Electronic structure in strontium titanate probed by planar tunneling spectroscopy
Abstract/Contents
- Abstract
- SrTiO3 superconductivity has been studied for decades and still attracts much attention due to its uniqueness. The properties of superconductivity in SrTiO3 are two-sided; some aspects are conventional and others are not. Its carrier density is extremely low and outside of the adiabatic condition in the conventional BCS (Bardeen-Copper-Schrie er) theory for superconductivity in metals. Despite longstanding query, probing its electronic structure has been a challenge because of the large surface depletion layer, especially for the low carrier density regime. In this work, we examine the electronic structure of SrTiO3 for the entire superconducting dome probed by planar tunneling spectroscopy. The suppression of the problematic depletion layer was achieved by using a polar oxide (LaAlO3) as a tunnel barrier. The atomically precise band engineering enabled the construction of a high-quality tunnel junction in electron-doped SrTiO3, which produced the high-resolution tunneling spectra. The evolution of tunneling spectra demonstrates that superconducting electrons are weakly coupled to pairing bosons while normal state electrons are strongly coupled to the longitudinal phonons.

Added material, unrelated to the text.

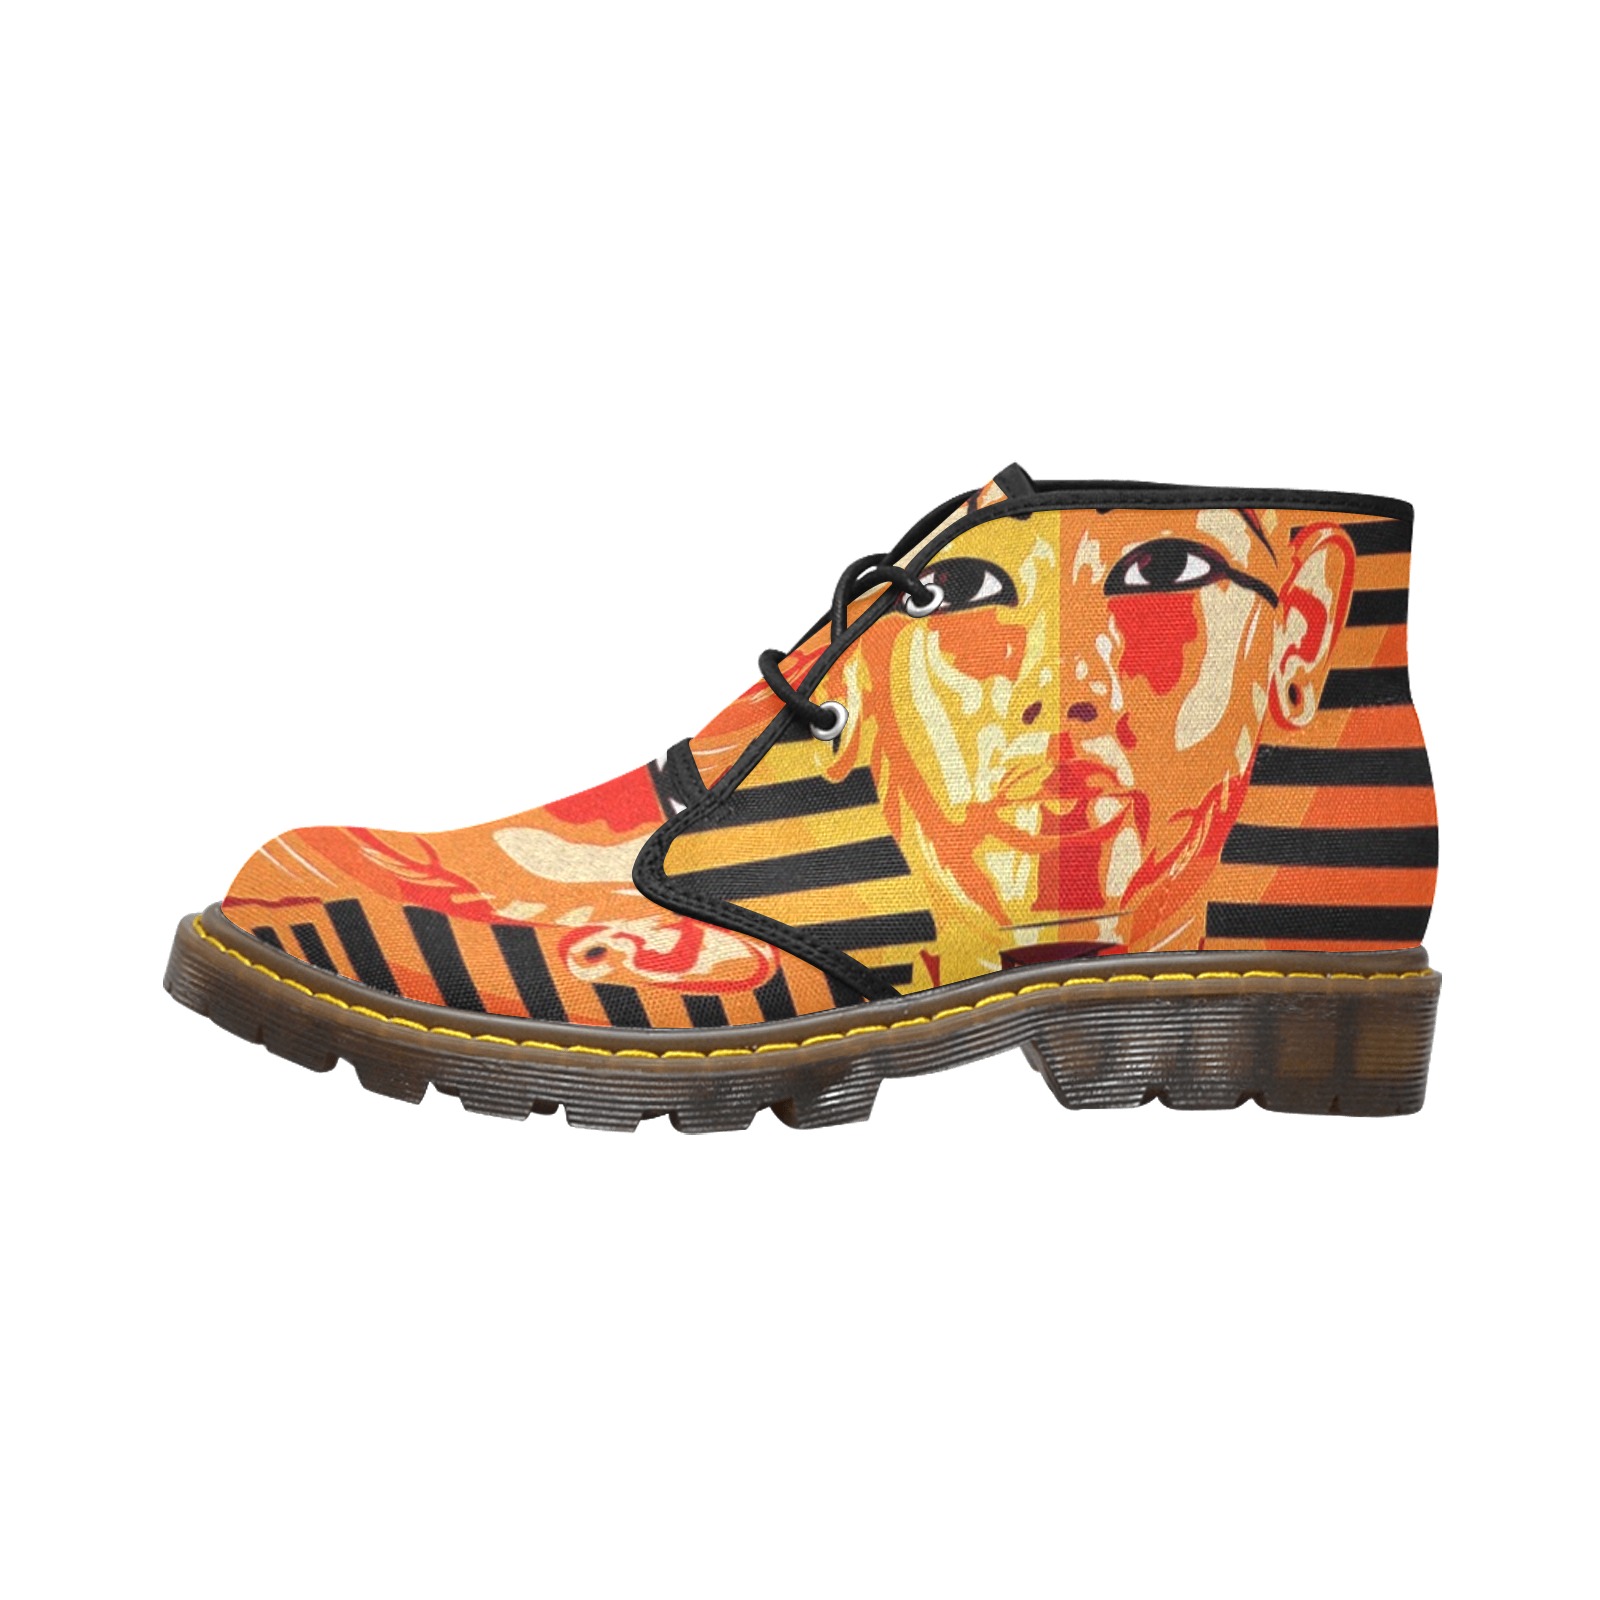 GOLDEN SLUMBER-KING TUT 2 Women's Canvas Chukka Boots (Model 2402-1)

The transverse optic soft phonon is suggested as a possible candidate for pairing to explain this discrepancy in the adiabatic condition. How the transverse mode can couple to electrons in this inversion symmetric system still remains unclear, and this can be a unique feature in this incipient ferroelectric system. Furthermore, the physics of SrTiO3 tunneling devices are discussed in this thesis. First, the origins and control of the depletion width in electron-doped SrTiO3 were studied. In addition, LaAlO3, which is used to suppress the depletion width, can accumulate electrons at the interface with electron-doped SrTiO3. The detection and control of electron accumulation are presented, and these are essential to obtain high-quality tunnel junctions to probe the low-density SrTiO3 of interest.
Description
| Type of resource | text |
|---|---|
| Form | electronic resource; remote; computer; online resource |
| Extent | 1 online resource. |
| Place | California |
| Place | [Stanford, California] |
| Publisher | [Stanford University] |
| Copyright date | 2019; ©2019 |
| Publication date | 2019; 2019 |
| Issuance | monographic |
| Language | English |
Creators/Contributors
| Author | Yoon, Hyeok |
|---|---|
| Degree supervisor | Hwang, Harold Yoonsung, 1970- |
| Thesis advisor | Hwang, Harold Yoonsung, 1970- |
| Thesis advisor | Raghu, Srinivas, 1978- |
| Thesis advisor | Suzuki, Yuri, (Applied physicist) |
| Degree committee member | Raghu, Srinivas, 1978- |
| Degree committee member | Suzuki, Yuri, (Applied physicist) |
| Associated with | Stanford University, Department of Applied Physics. |
Subjects
| Genre | Theses |
|---|---|
| Genre | Text |
Bibliographic information
| Statement of responsibility | Hyeok Yoon. |
|---|---|
| Note | Submitted to the Department of Applied Physics. |
| Thesis | Thesis Ph.D. Stanford University 2019. |
| Location | electronic resource |
Access conditions
- Copyright
- © 2019 by Hyeok Yoon
- License
- This work is licensed under a Creative Commons Attribution Non Commercial 3.0 Unported license (CC BY-NC).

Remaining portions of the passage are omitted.